Once the standardized factor images have been created, you will next need a set of weights that indicate the relative importance of each factor to the activity under consideration. These weights must sum to 1. The module named WEIGHT can be used for this purpose.

Finally, enter a name and title for the output image to be created. After all the criteria (and factor weights) have been entered, the combination process will begin. The final result will be a suitability map in byte binary form with values in the same range as the original standardized factor maps.

RANK rank orders the cells in a byte binary image. Its primary application is in decision making where a specific area (or number of cells) is required that contains the best, or worst, cells according to some index. By ranking cells and then reclassifying the result, a specific number of the best or worst ranks can be determined. MOLA provides a procedure for solving Multi-Objective Land Allocation problems for cases with conflicting objectives. Based on the information from a set of suitability maps, one for each objective, the relative weights to assign to objectives, and the amount of area to be assigned to each, MOLA determines a compromise solution that attempts to maximize the suitability of lands for each objective given the weights assigned.

For input, MOLA requires a set of ranked suitability maps for each objective. These will have been produced using the RANK module from suitability maps scaled to a byte (0-255) range. These suitability maps will most likely have been produced by means of the multi-criteria evaluation module named MCE.

MOLA first requires that you enter the number of objectives to be incorporated into the analysis. In this version, up to 15 may be entered (although typical problems have only 2-3). Then input a name for the output image to be produced.

MOLA next requires that you specify the total areal tolerance to be used. The default is 100 cells. The areal tolerance refers to the point at which MOLA will decide that it has come close enough to satisfying the area needs of the objectives for it to stop its iterations. The default tolerance of 100 cells indicates that MOLA can stop when all objectives are within 100 cells of their desired area needs. A value of zero may be set, in which case an exact solution is found.

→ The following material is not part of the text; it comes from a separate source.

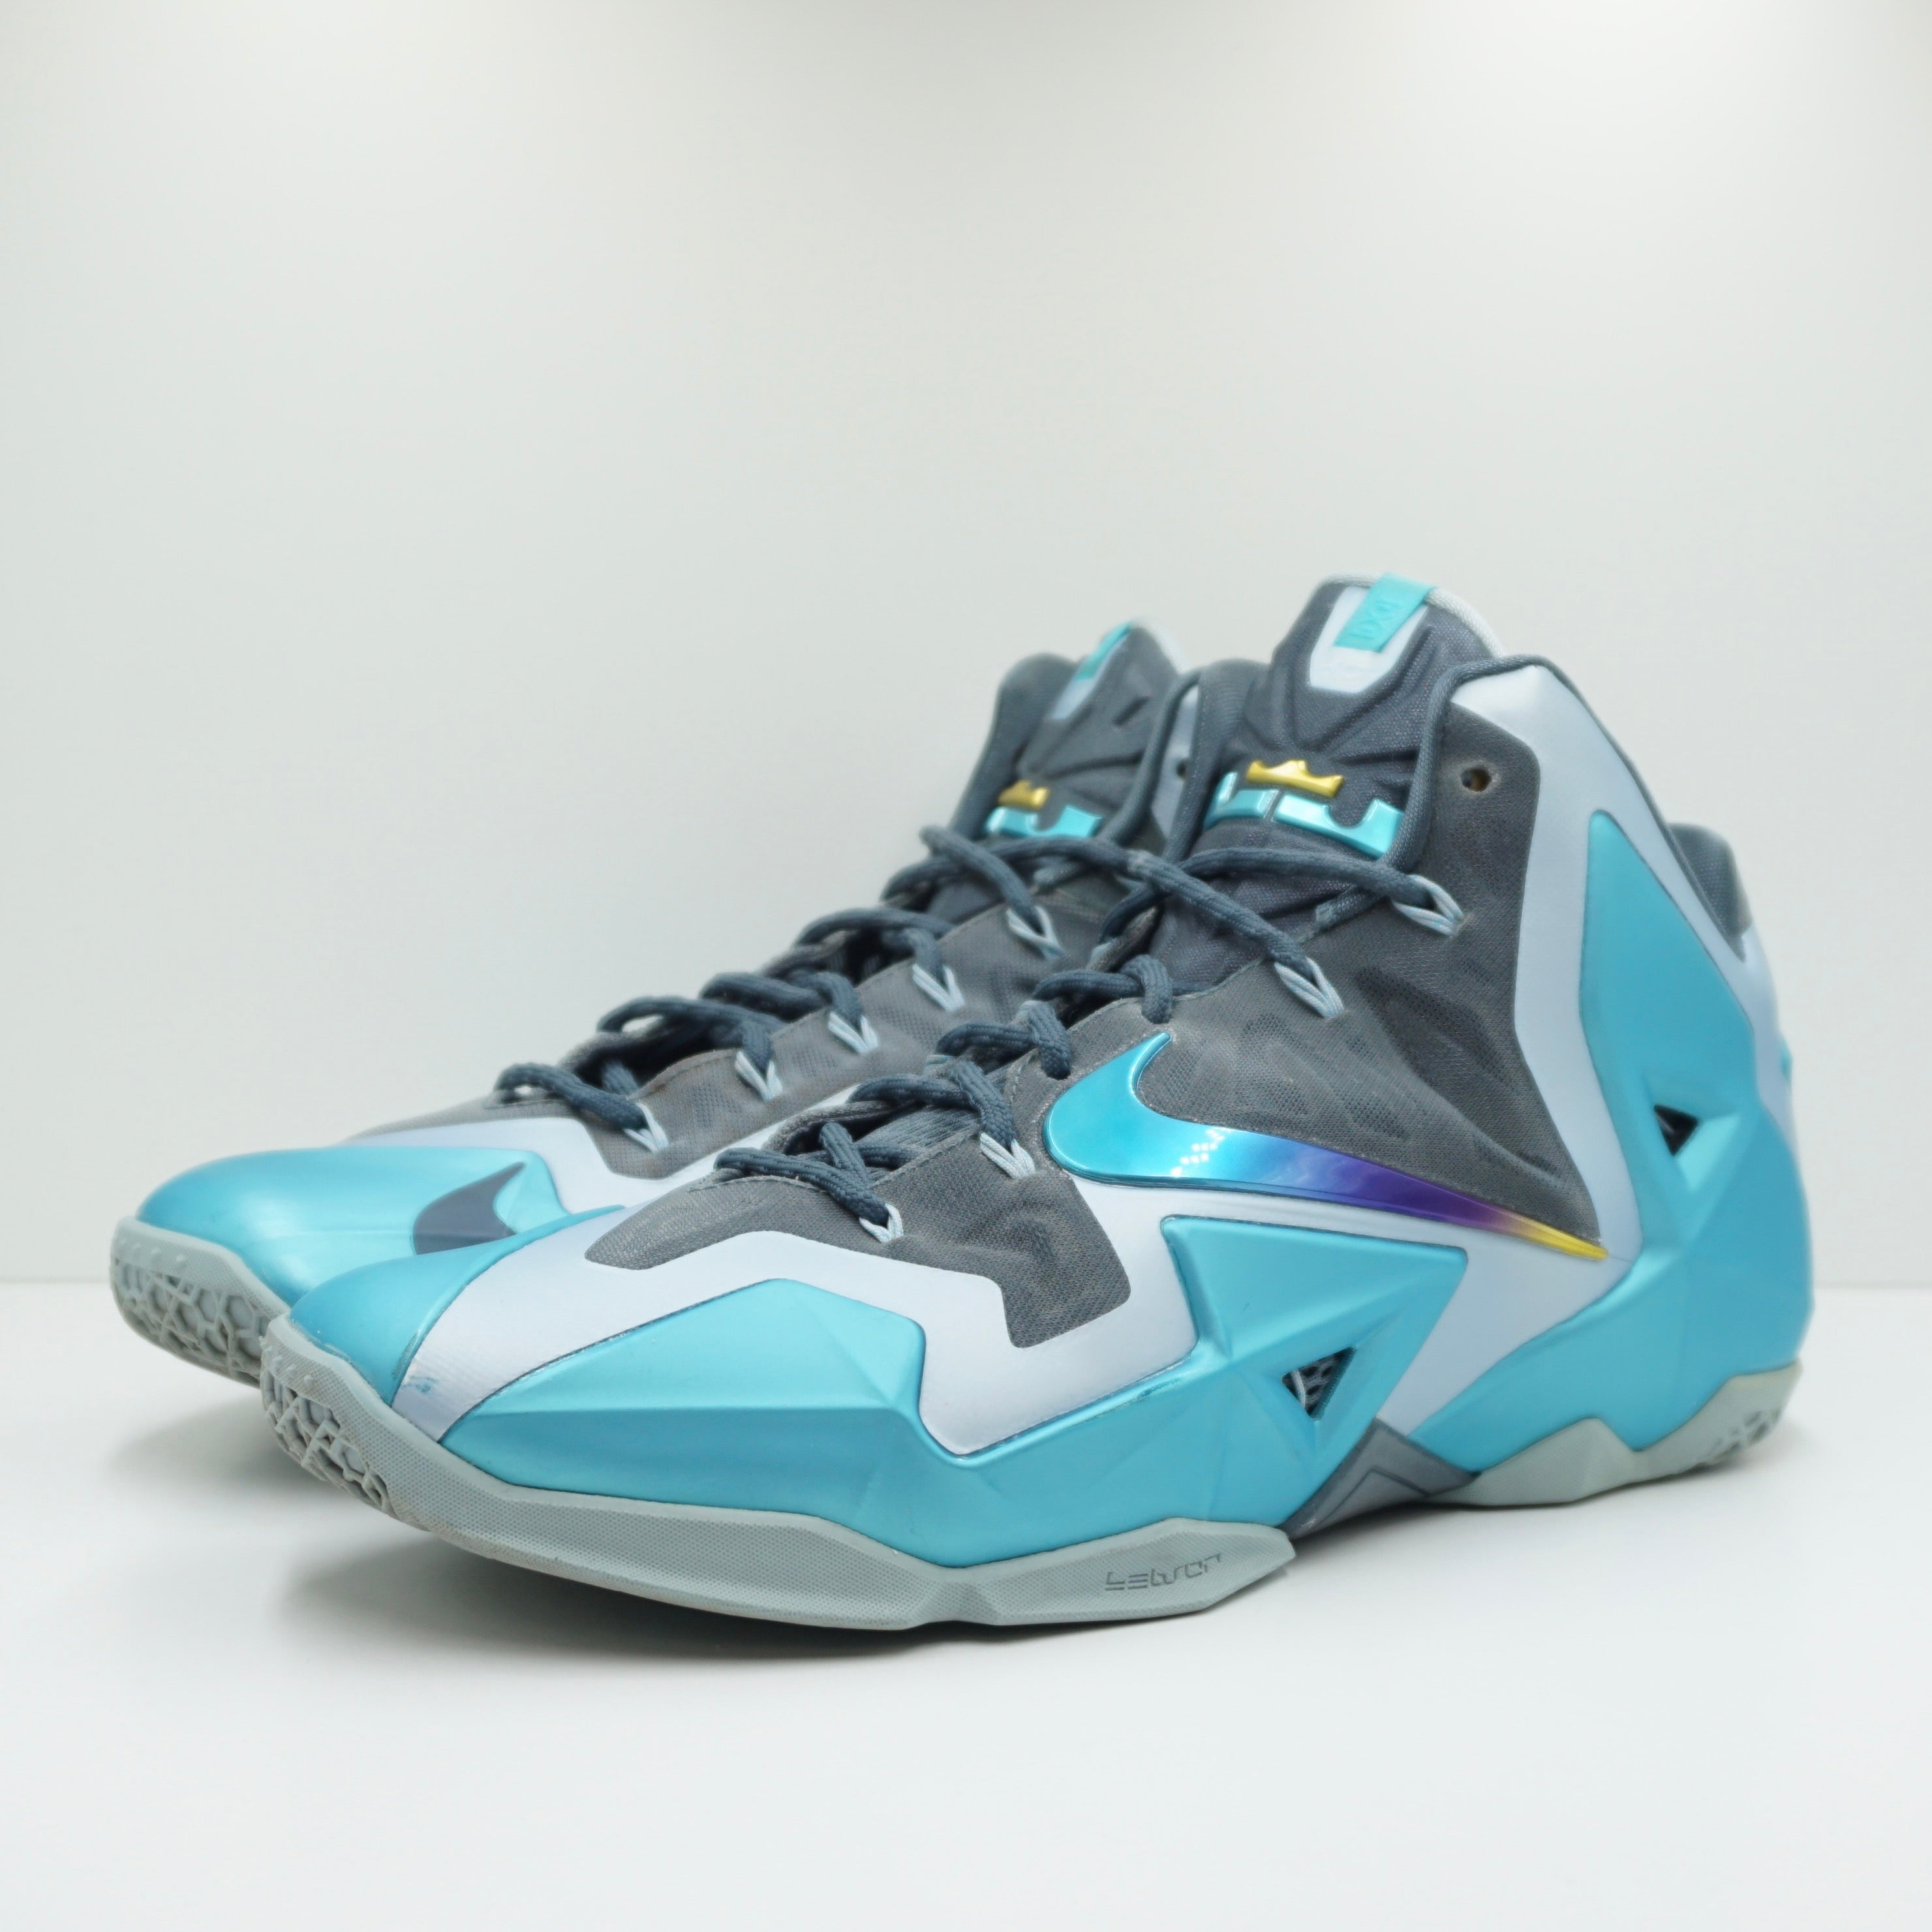 Nike LeBron 11 Gamma Blue

You then need to enter a descriptive caption and a weight to use for each objective, as well as the rank map and areal requirements. The captions are used for constructing a legend for the output map, and can be up to 12 characters in length. The weight determines the relative weight that that objective will have in resolving conflicting claims for land. You may enter any value you wish, but the number must have meaning in a relative sense. For example, entering a value of 10 for one objective and 20 for another indicates that the latter should have twice the strength of the former.

Then input the name of the ranked (suitability) maps to be used for each of the objectives, and their areal requirements (specified in cells). Click on the right arrrow of the spin button to open additional blank input boxes for the remaining objectives. The number underneath indicates for which objective you are entering the settings.

After all objectives have been entered with their respective weights, MOLA divides each weight by the sum of weights to convert all weights to a 0-1 range such that they add up to a value of 1. For example, with only two objectives given weights of 10 and 20, these will then be divided by the sum (30) to arrive at final weights of 0.33 and 0.67. Finally, enter a title for the output image to be created. Processing will then begin using an iterative approach.